我有一些代码允许我从数据集中随机抽取两个样本,应用一个函数并重复该过程一定次数(请参阅下面来自相关问题的代码:How to bootstrap a function with replacement and return the output)。

示例数据:

> dput(a)
structure(list(index = 1:30, val = c(14L, 22L, 1L, 25L, 3L, 34L, 
35L, 36L, 24L, 35L, 33L, 31L, 30L, 30L, 29L, 28L, 26L, 12L, 41L, 
36L, 32L, 37L, 56L, 34L, 23L, 24L, 28L, 22L, 10L, 19L), id = c(1L, 
2L, 2L, 3L, 3L, 4L, 5L, 6L, 7L, 7L, 8L, 9L, 10L, 11L, 12L, 13L, 
14L, 15L, 16L, 16L, 17L, 18L, 19L, 20L, 21L, 21L, 22L, 23L, 24L, 
25L)), .Names = c("index", "val", "id"), class = "data.frame", row.names = c(NA, 
-30L))

代码:

   library(plyr)
    extractDiff <- function(P){
      subA <- P[sample(nrow(P), 15, replace=TRUE), ] # takes a random sample of 15 rows
      subB <- P[sample(nrow(P), 15, replace=TRUE), ] # takes a second random sample of 15 rows
      meanA <- mean(subA$val)
      meanB <- mean(subB$val)
      diff <- abs(meanA-meanB)
      outdf <- c(mA = meanA, mB= meanB, diffAB = diff)
      return(outdf)
    }

    set.seed(42)
    fin <- do.call(rbind, replicate(10, extractDiff(a), simplify=FALSE))

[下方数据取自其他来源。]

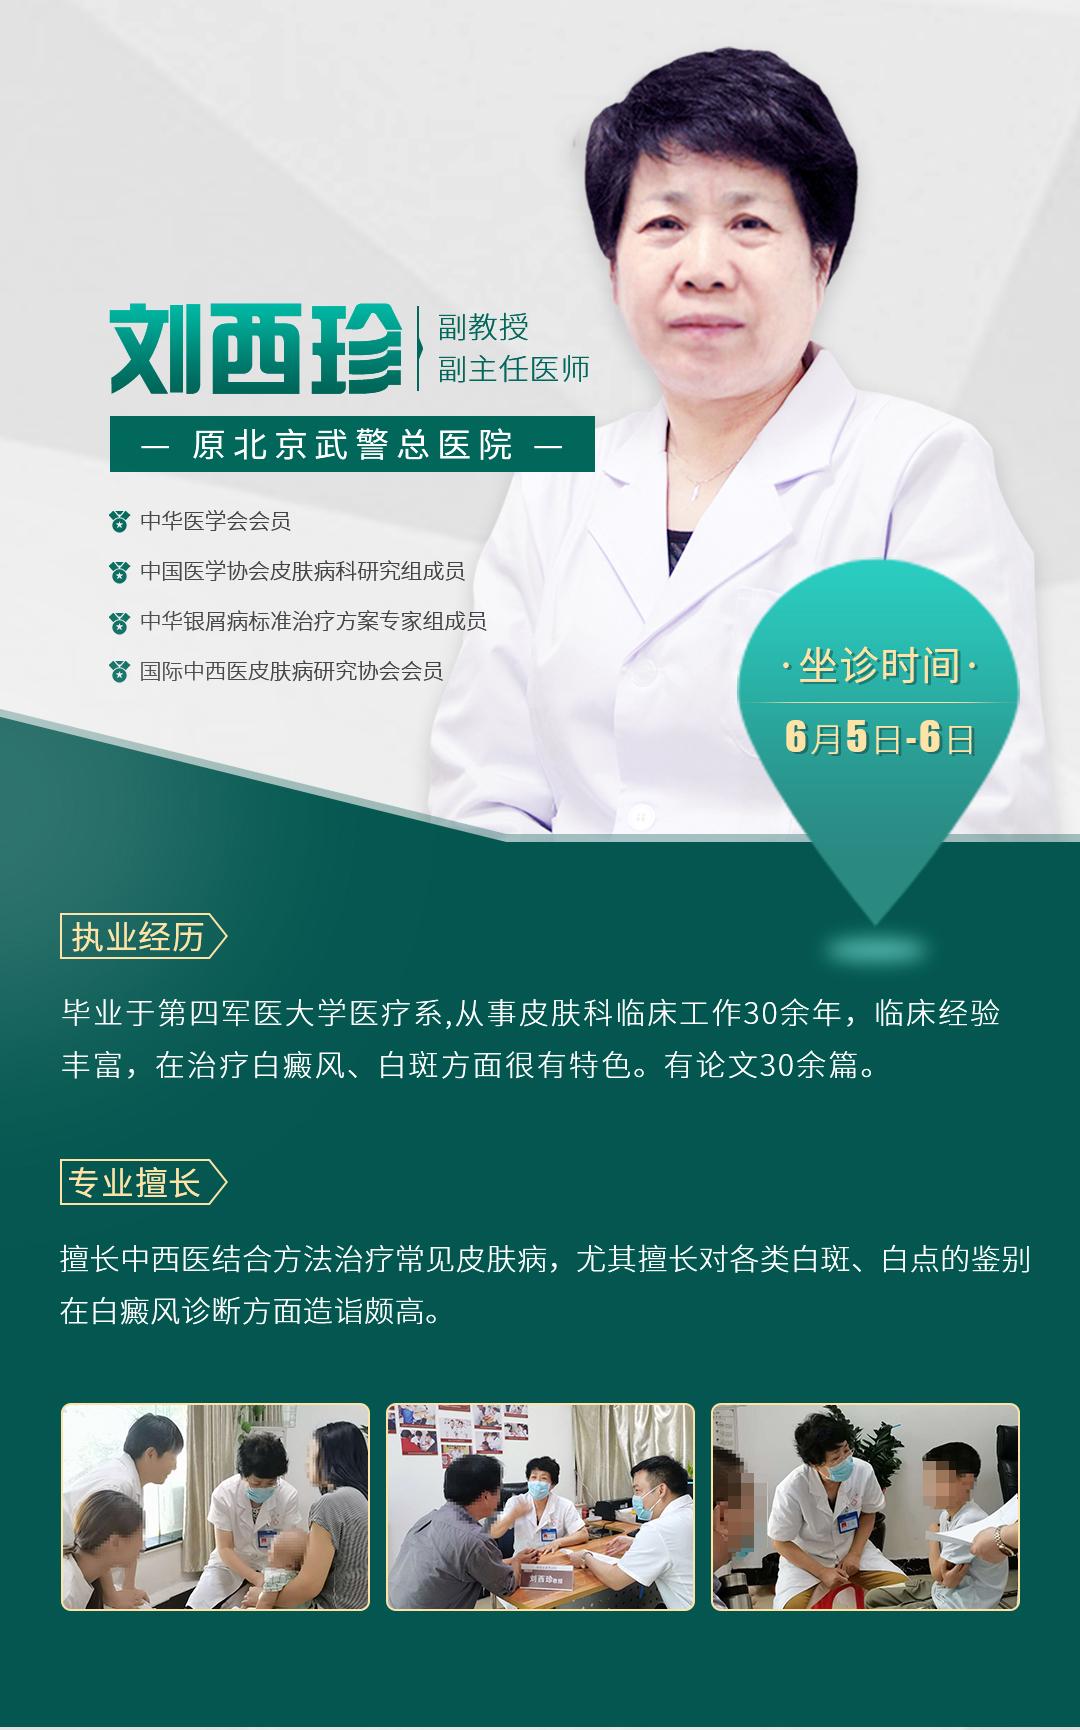 6.5-6日北京祛白专家刘西珍公益巡诊中研
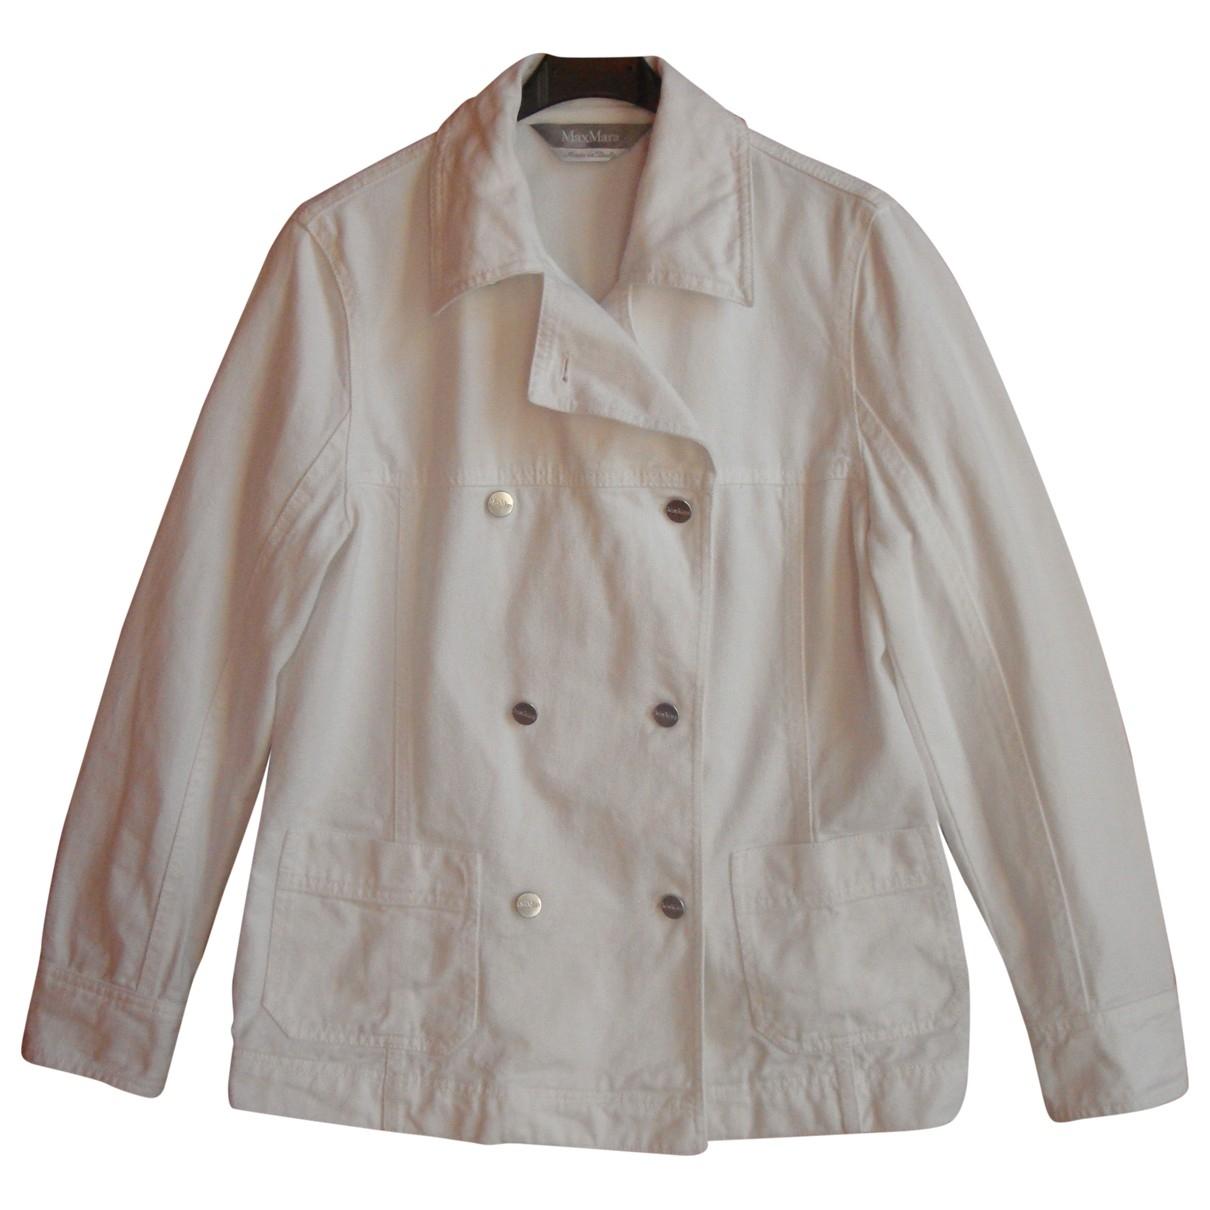 Max Mara \N White Cotton jacket for Women 38 FR

我不想抽取两个大小为 15 的随机抽取样本,而是抽取一个大小为 15 的随机抽取样本,然后在第一次随机抽取后提取数据集中剩余的 15 行(即subA等于第一个随机抽取的样本15 个 obs,subB将等于在 subA 被占用后剩余的 15 个 obs)。我真的不知道该怎么做。任何帮助将非常感激。谢谢!

4

2 回答 2

1

在这种情况下,我只需将P(存储在index下面)的行号打乱,然后选择前 15 个 forsubA和第二个 15 for subB

library(plyr)
extractDiff <- function(P){
  index <- sample(seq_len(nrow(P)),replace = FALSE)
  subA <- P[index[1:15], ] # takes a random sample of 15 rows
  subB <- P[index[16:30], ] # takes a second random sample of 15 rows
  meanA <- mean(subA$val)
  meanB <- mean(subB$val)
  diff <- abs(meanA-meanB)
  outdf <- c(mA = meanA, mB= meanB, diffAB = diff)
  return(outdf)
}

set.seed(42)
fin <- do.call(rbind, replicate(10, extractDiff(a), simplify=FALSE))
于 2014-06-25T18:55:46.497 回答
1

我相信你可以通过对你的代码做一个小的改动来做到这一点。

extractDiff <- function(P){
  sampleset = sample(nrow(P), 15, replace=FALSE) #select the first 15 rows, note replace=FALSE
  subA <- P[sampleset, ] # takes the 15 selected rows
  subB <- P[-sampleset, ] # takes the remaining rows in the set
  meanA <- mean(subA$val)
  meanB <- mean(subB$val)
  diff <- abs(meanA-meanB)
  outdf <- c(mA = meanA, mB= meanB, diffAB = diff)
  return(outdf)
}

但是,请注意,这与引导程序不兼容,因为引导程序需要更换。另一方面,如果您想从数据集中进行替换采样,然后从第一次采样中未选择的数据集中进行替换采样,您可以执行以下操作。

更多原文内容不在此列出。